Police commissioner William Bratton told the Brian Lehrer Show on WNYC yesterday that there's a trend of people resisting arrest.

"What we’re seeing … over the last several months [is] a number of individuals just failing to understand that you must submit to an arrest, that you cannot resist it," Bratton said.

Is there such a trend?

According to data provided to CityLimits.org by the New York State Division of Criminal Justice Services, there was a spike is arrests for NY Penal Code section 205.30, resisting arrest, between February and March, a drop in April, and another jump in May before a decline in June.

But compared to the first six months of 2013, the early part of the de Blasio administration actually saw a year-on-year 10 percent decrease in busts for resisting.

Arrests for Resisting, by Month, Jan. 2013-June 2014

Those statistics don't capture everything the commish might be talking about: If someone were picked up for a more serious offense than resisting arrest but also charged with resisting, the stats wouldn't reflect the lesser charge. And of course, cops might not charge everyone who gives them a hard time with resisting.

Bratton also told WNYC that, “The place to argue your case is in court, not in the middle of the street.”

This message was cheered by the New York Post, whose editorial board has taken up the police union line of argument that Eric Garner would be alive today if he had just let himself be handcuffed.

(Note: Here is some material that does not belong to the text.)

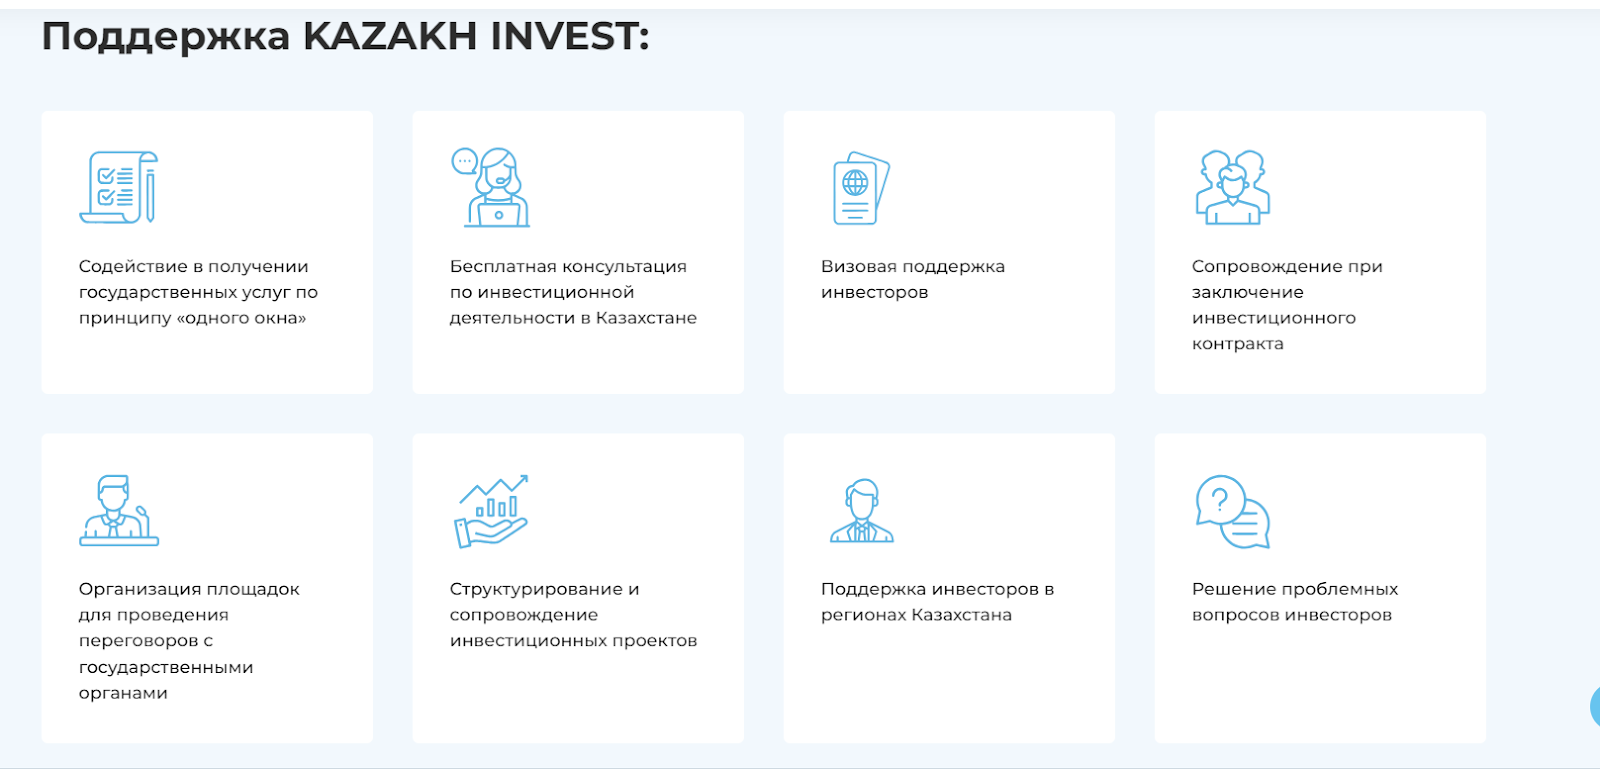 национальная компания kazakh invest

The Post's statement is accurate in that it describes the sequence of events that occurred, even if there an almost invisibly thin logical link between a man committing a misdemeanor (resisting arrest is an A misdemeanor) and winding up dead at the hands of a police officer. It is, however, a common thread in the defense of police killings; there were those who argued that Amadou Diallo, had he not reached for his wallet and followed police instructions about which way to move, would not have had 41 bullets fired at him.

Still, what Bratton says is true: Cops have the right to arrest you, and you can't fight them. Full stop.

But even though it is what one should do, submitting quietly to arrest is a lot easier to talk about—especially among people who very likely will never experience it—than to do.

On average, it took 24 hours to get from arrest to arraignment in New York City last year, which for some arrestees means missing work and having to figure out who takes care of the kids overnight. That must be hard to swallow for the substantial number of arrested people (about 20 percent, or 70,000 people in 2012, according to the annual report of the Criminal Justice Agency) who emerge from arraignment either with a dismissal or a promise by the court to dismiss the case if there are no other run-ins with the law occurs for six months.

In an environment where the emphasis is on arrests for low-level misdemeanors and violations, which for obvious reasons carry very short sentences, the process is the punishment. Even those who plead guilty to such charges at arraignment are often sentenced to time already served in the holding cell. Some who might contest the charges plead guilty because they can't make bail and a plea gets them out of jail faster than waiting for trial. And others get their cases dismissed altogether. But they all might walk out of the courthouse at the same time, having suffered the same unpleasant night as a ward of the NYPD and court system.

The point is, for thousands of arrestees, guilt or innocence doesn't necessarily determine how taxing their interaction with the system is. When the process is the punishment, anyone who goes through that process gets punished.

That's not a reason to disobey a lawful order by the police. But it's why it's more difficult to do so than one might think.